**TASK DESCRIPTION:** Going through the material below, output exactly the lines from the one containing "Indian Martial Art Sansthan" through the one containing "4 large size vintage buttons", and no pictures.
##### DATA UNDER STUDY #####
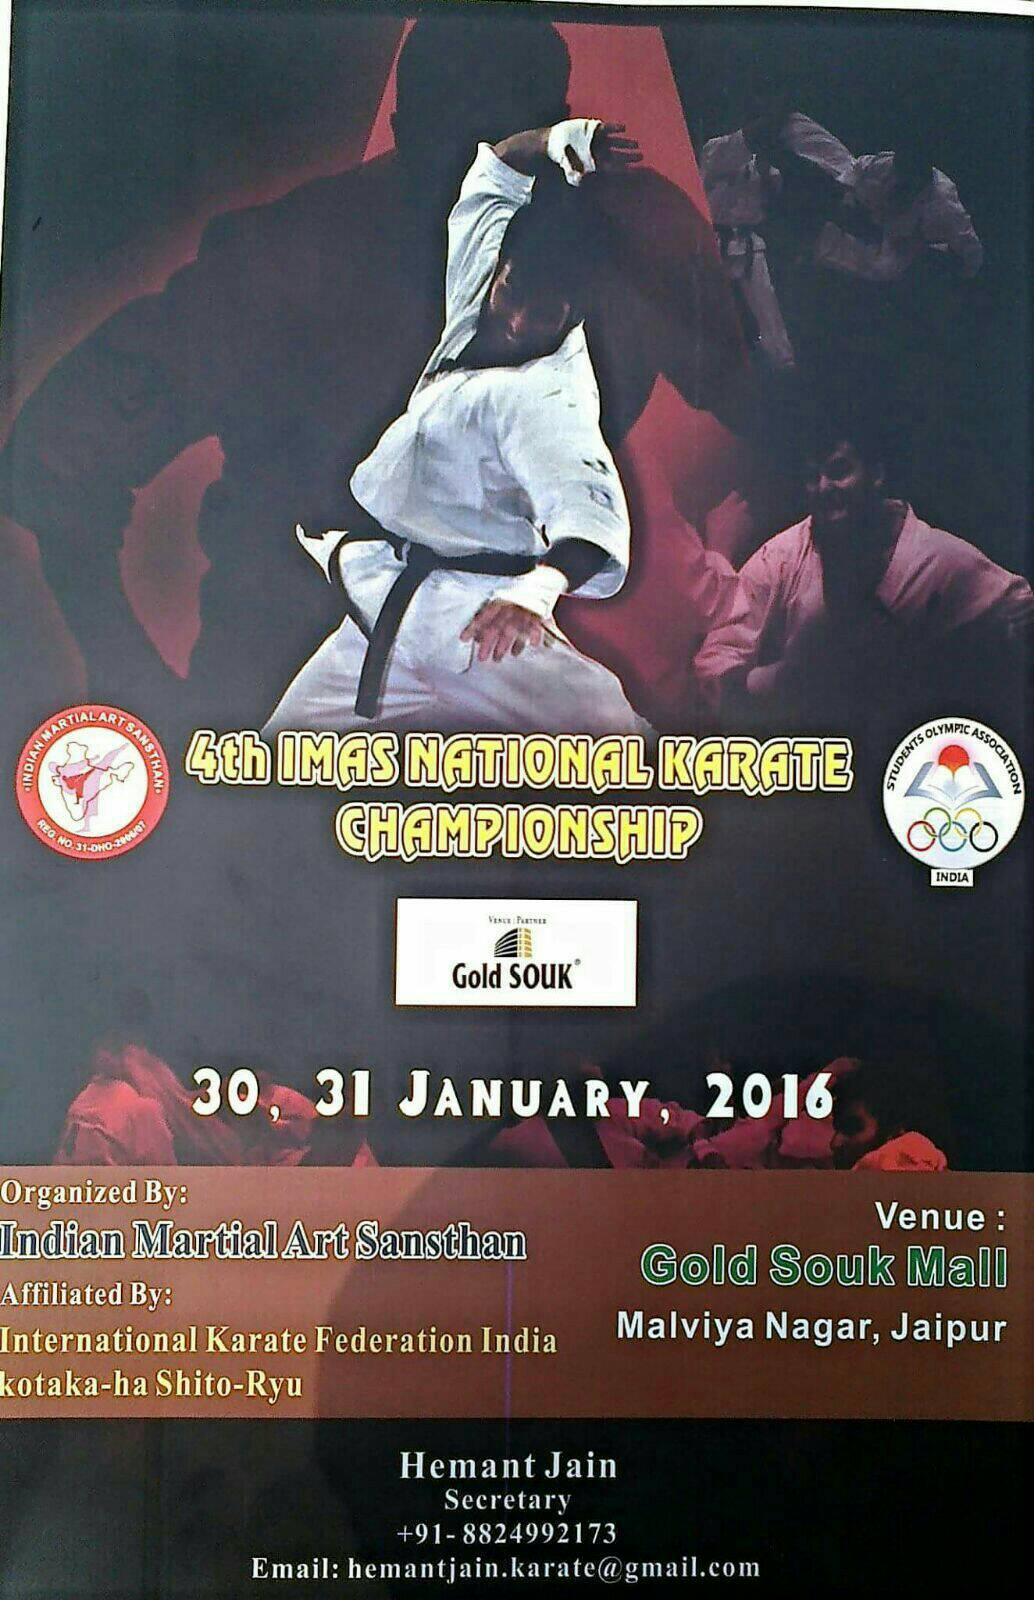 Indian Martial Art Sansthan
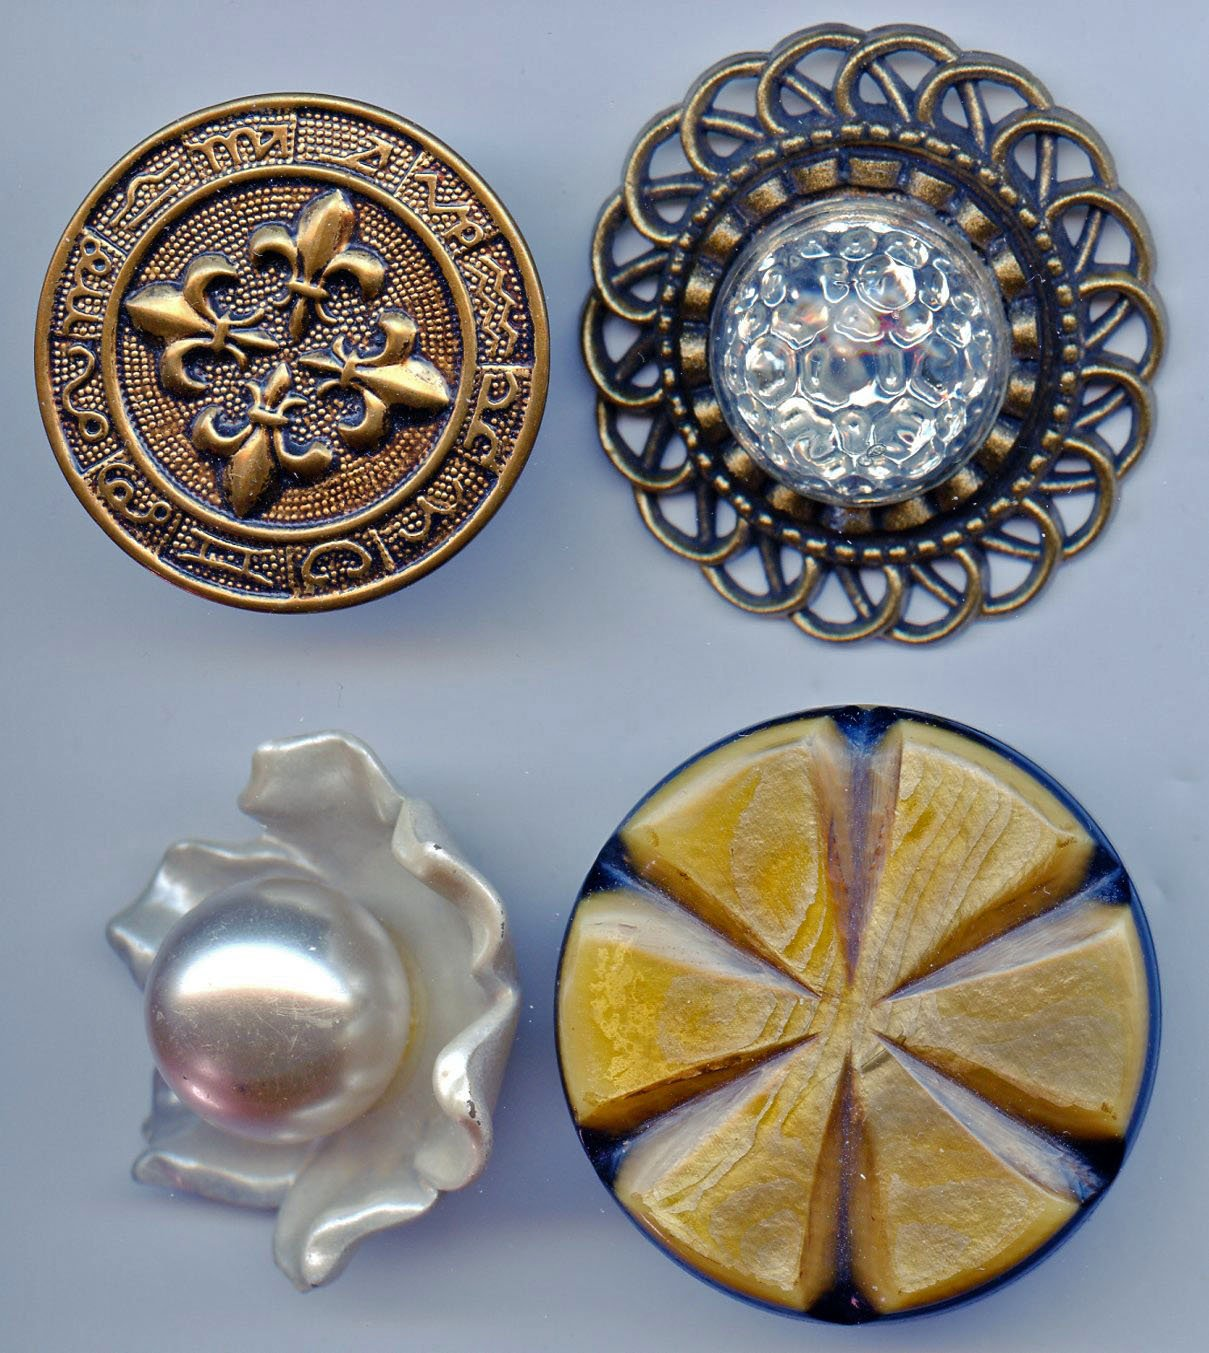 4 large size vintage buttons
#####
##### DATA UNDER STUDY #####
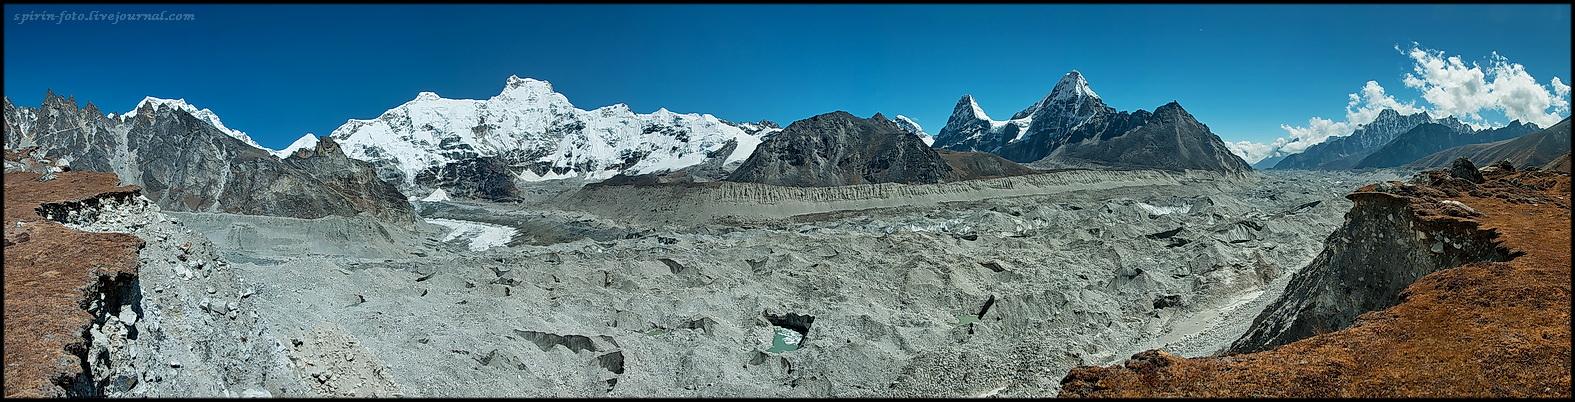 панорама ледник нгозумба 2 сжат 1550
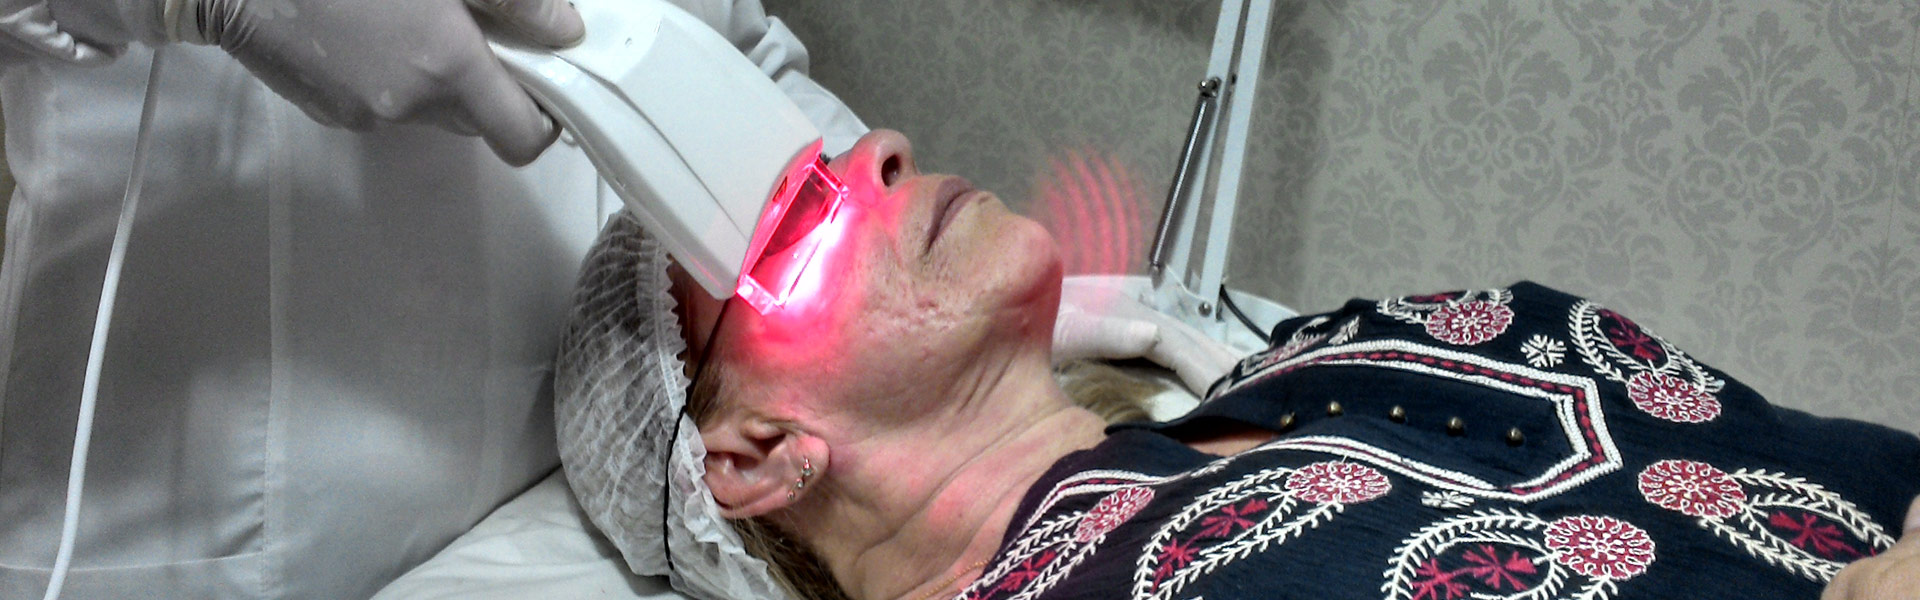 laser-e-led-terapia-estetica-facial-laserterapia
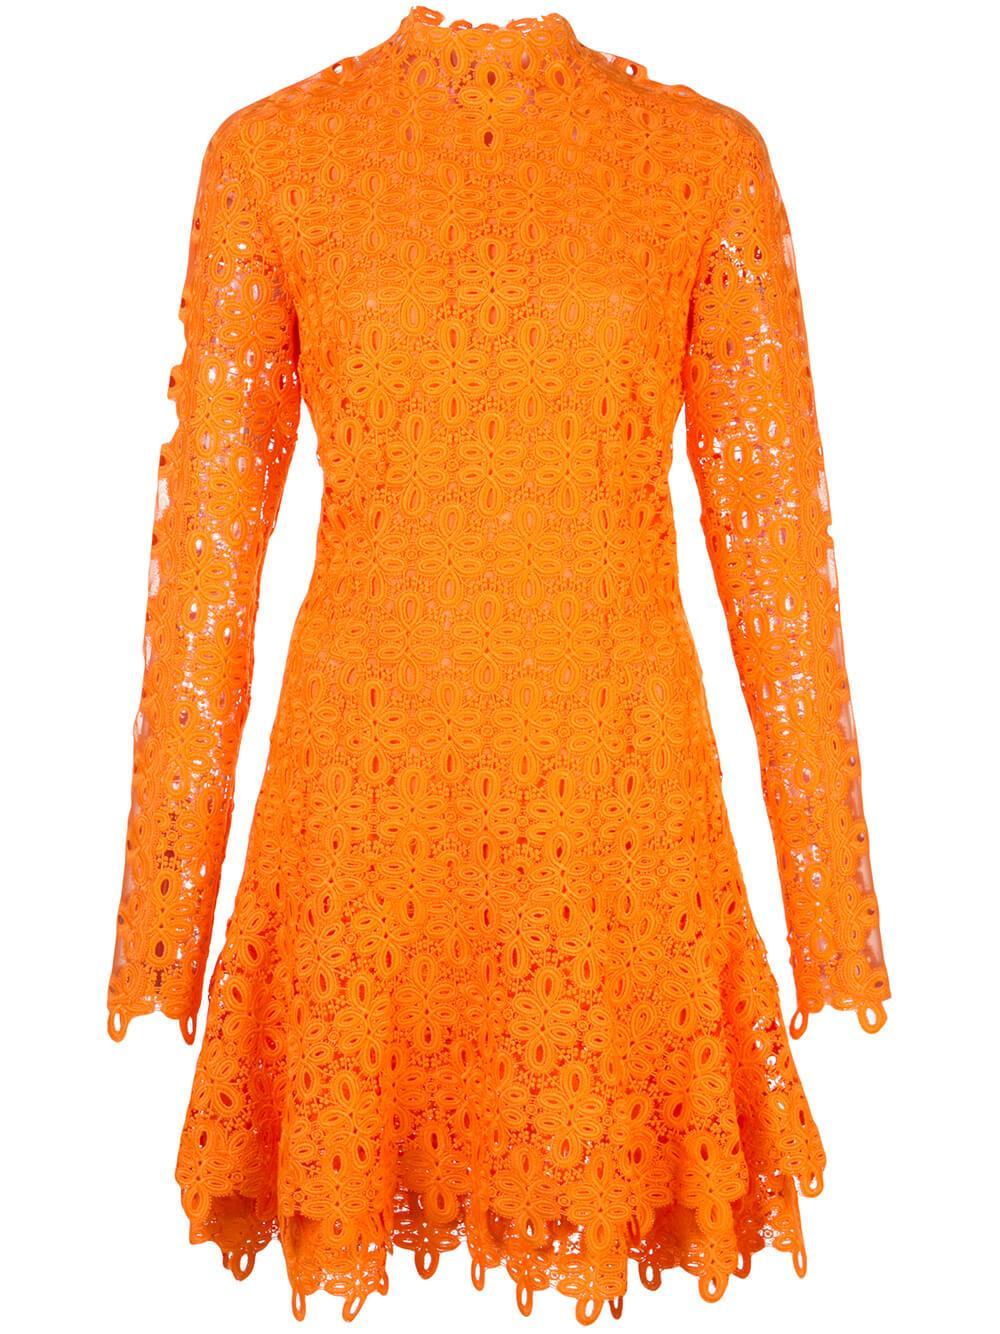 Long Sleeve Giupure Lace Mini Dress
#####
**OUTPUT FOR THIS EXERCISE:**
 Indian Martial Art Sansthan
 4 large size vintage buttons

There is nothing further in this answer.